Materials and Methods
Sampling and data processing
Three-spined stickleback fish were caught from five pairs of lakes and rivers in North America and Northern Europe (S1 Table and Fig. 1). Between 12 and 17 fish were screened for macroparasites following established procedures [14]. Both Shannon diversity indices for each population and jaccard distance between populations were estimated on the basis of 4th square root transformed parasite counts. Muscle tissue from six sampled individuals from each location was used for DNA extraction (using a Qiagen DNA Midi Kit following the manufacturer’s protocol for high molecular weight DNA) and Illumina sequencing following previous methods [31]. To capture natural variation present in the wild, we randomly picked individual fish for sequencing (albeit targeting equal sex ratio per population and similar fish sizes across populations), thus without pre-selection of any particular morphological or parasitological characteristics. For each individual, two paired-end libraries (100bp reads, average insert size of 140bp and 300bp) and a mate-pair library (50bp reads, average insert gap of 3kb) were produced, achieving an average depth of coverage of 26x (S2 Table). Data is deposited in the European Nucleotide Archive (PRJEB5198). Raw sequence data was processed and filtered following previous procedures [31] and mapped against the three-spined stickleback reference genome [22] from Ensembl version 68 [37] with BWA (Burrows-Wheeler Aligner) software [38].
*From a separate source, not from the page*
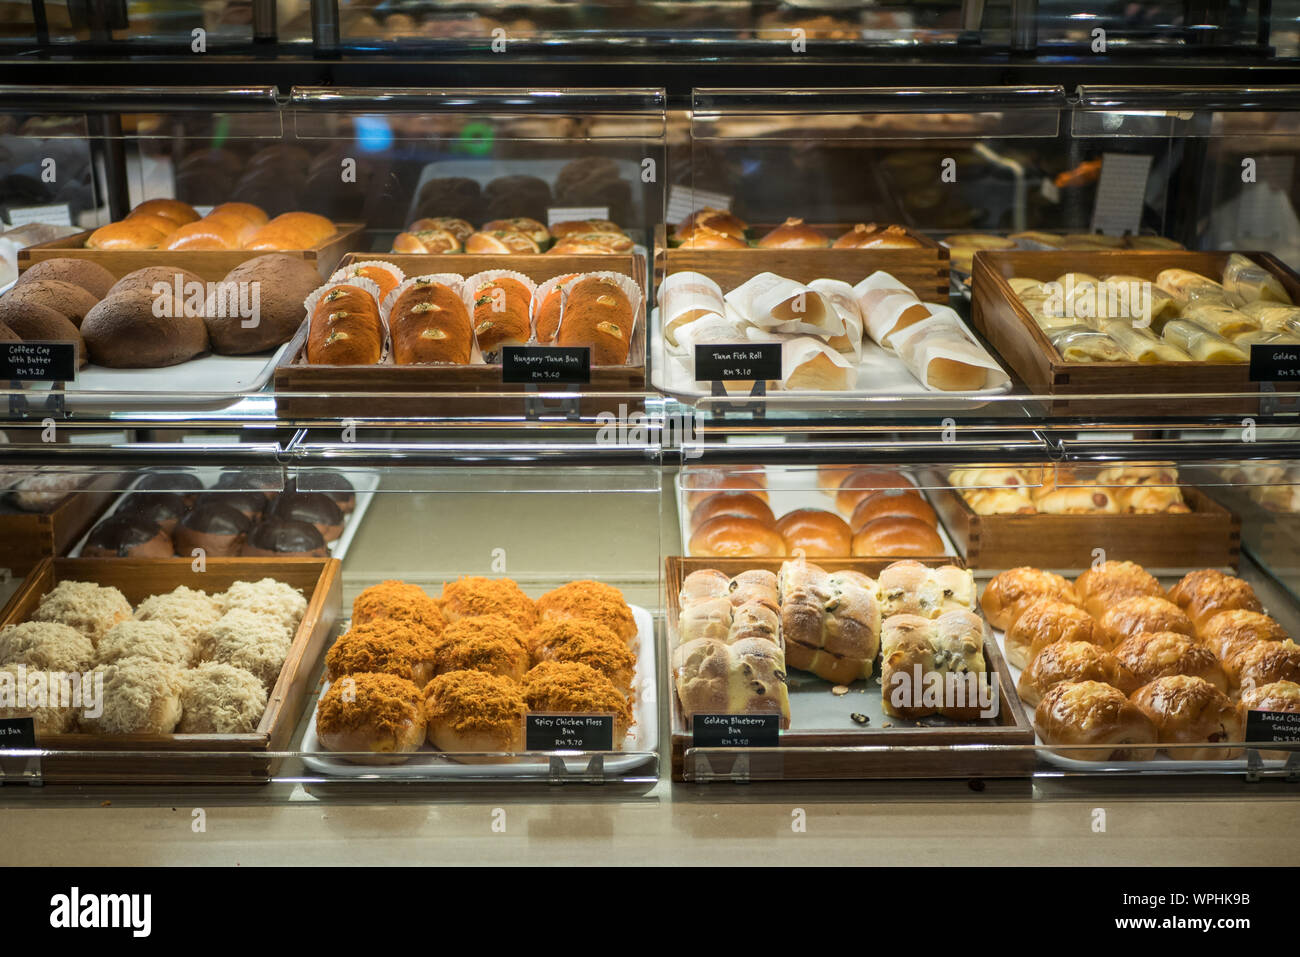 Visualización De Deliciosos Pasteles En Una Panadería Con Donuts Azucarados  , Galletas Y Galletas En Bandejas En Un Mostrador De Tienda Fotos,  retratos, imágenes y fotografía de archivo libres de derecho. Image
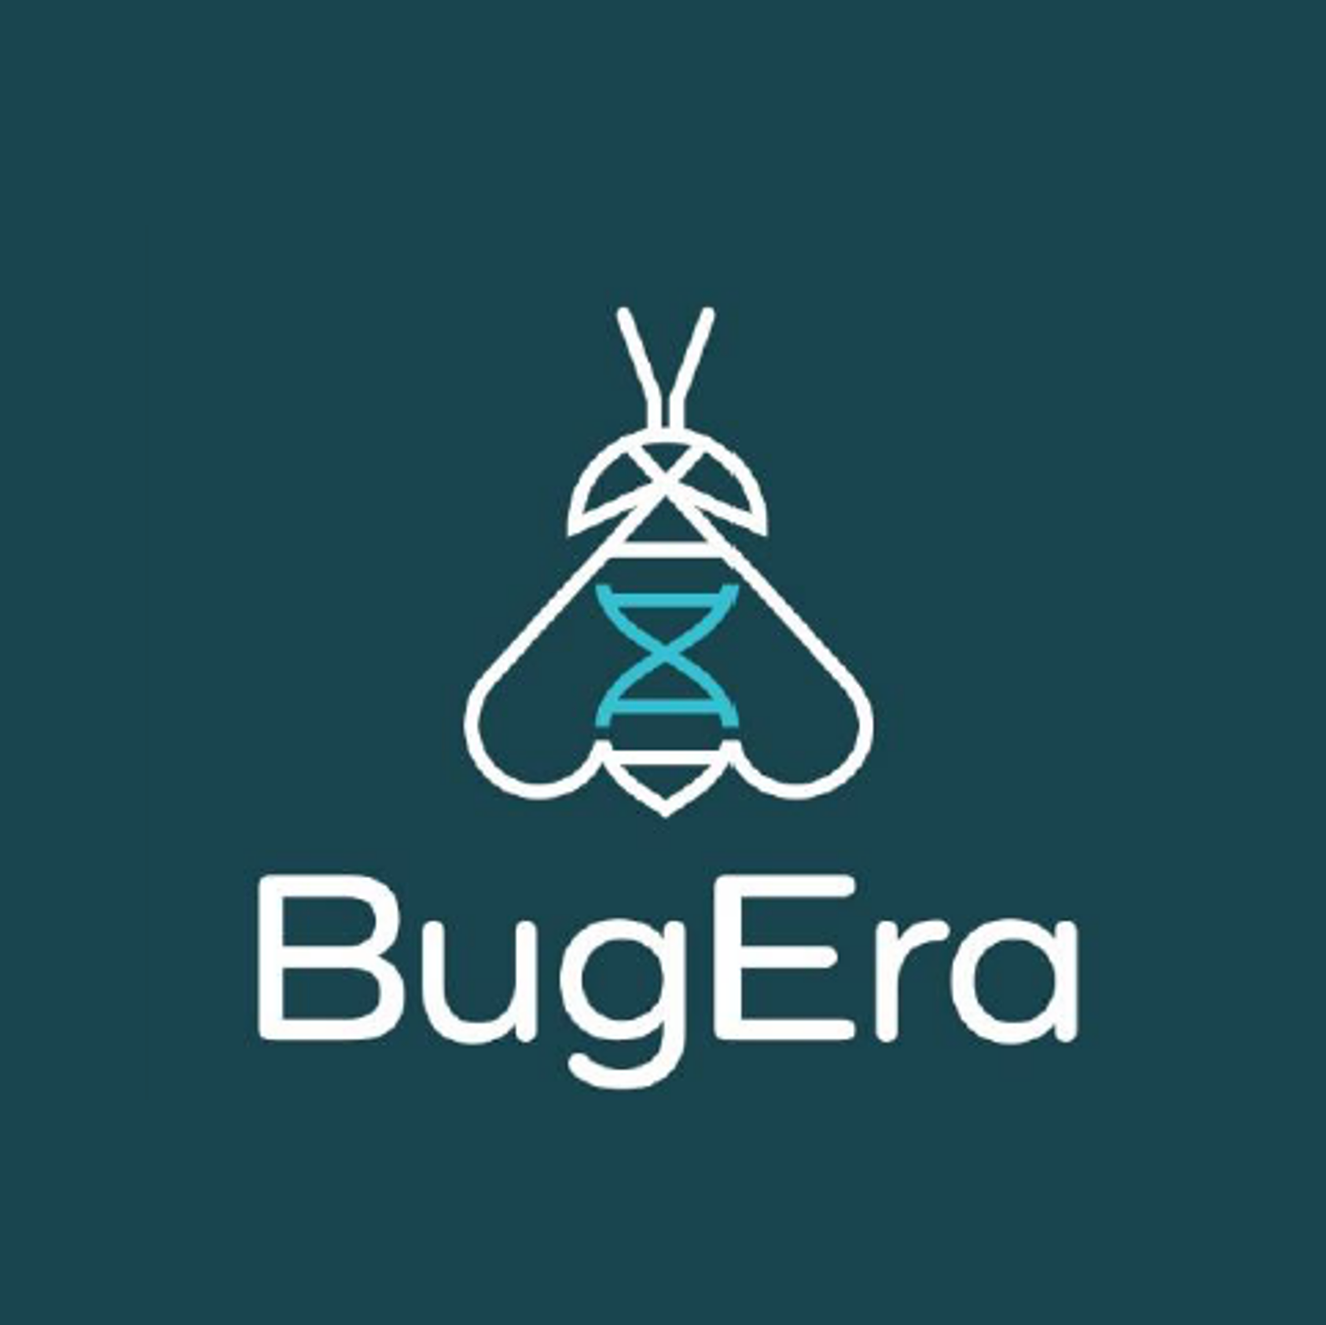 BugEra Logo

Mapped reads were further filtered and processed utilizing the Picard toolkit following previous procedures [31]. SNPs and indels were called with GATKv1.6 [39, 40] using concordant SNP calls from SAMtools v0.1.18 [41] for variant recalibration. Phasing and imputation was performed with BEAGLE v3.1 [42]. VCFtools [43] was utilized for processing genotypes. Positions overlapping with ‘N’s and repeat-masked regions from the Ensembl annotations (version 68) were removed from the final genotype file. Furthermore, variants within 10bp of an indel or indicating copy number variation were also excluded. Copy number variable (CNV) regions were identified by deviations in expected read depth with the software CNVnator [44]. More details on the CNV analysis are given in a companion paper submitted by Chain et al. The following analyses were performed on the 20 autosomes, spanning 380,547,835 sites in the reference genome. After removing masked sites and CNV region and imputing genotypes across 60 individuals, 297,437,667 sites were reliably genotyped and used for estimating population genetics parameters.
Validation of genotypes
We used Illumina’s Golden Gate platform for cross checking genotypes from SNP sites distributed across the genome. Each chromosome held on average 9 (range 2–21) markers and the total of 183 loci were mostly interspersed by at least 50 kb. We found a high overall concordance (98% in 12,041 comparable sites) between genotype calls from the Golden Gate assay and our sequencing pipeline.
Population genetics
The population genetics estimators of nucleotide diversity (π and Θ) and Tajima’s D (TD) were calculated with VCFtools v0.1.11 [43] for each of the 10 populations (S3 Table), in addition to the relative divergence (Weir and Cockerham FST) and absolute divergence (Dxy [45]) estimated for each of the 5 parapatric lake-river pairs (S4 Table). Numbers of polymorphic sites per population and per population pair are reported in S3–S4 Tables. To illustrate the relationship amongst all sampled populations, we utilized a set of 1,074,467 intergenic autosomal polymorphic loci to estimate pairwise divergence (Weir and Cockerham FST) and built a neighbor joining tree. To gain support for the tree topology we randomly down sampled this dataset 100 times to 100,000 loci. For the genome scan, FST was calculated on the full dataset that was further filtered for minor allele frequencies below 25% across each pairwise comparison excluding uninformative polymorphism [46]. This way we evaluated the divergence between parapatric population pairs on the basis of 691,957 to 1,227,732 sites across the 20 autosomes. Population genetics estimators were averaged across the genome (20 autosomes) in non-overlapping windows to ensure statistical independence of windows. We used window sizes of 10 kb and 100 kb and confirmed that results are qualitatively the same. Diversity estimates have been corrected for the number of sites for which genotypes are available.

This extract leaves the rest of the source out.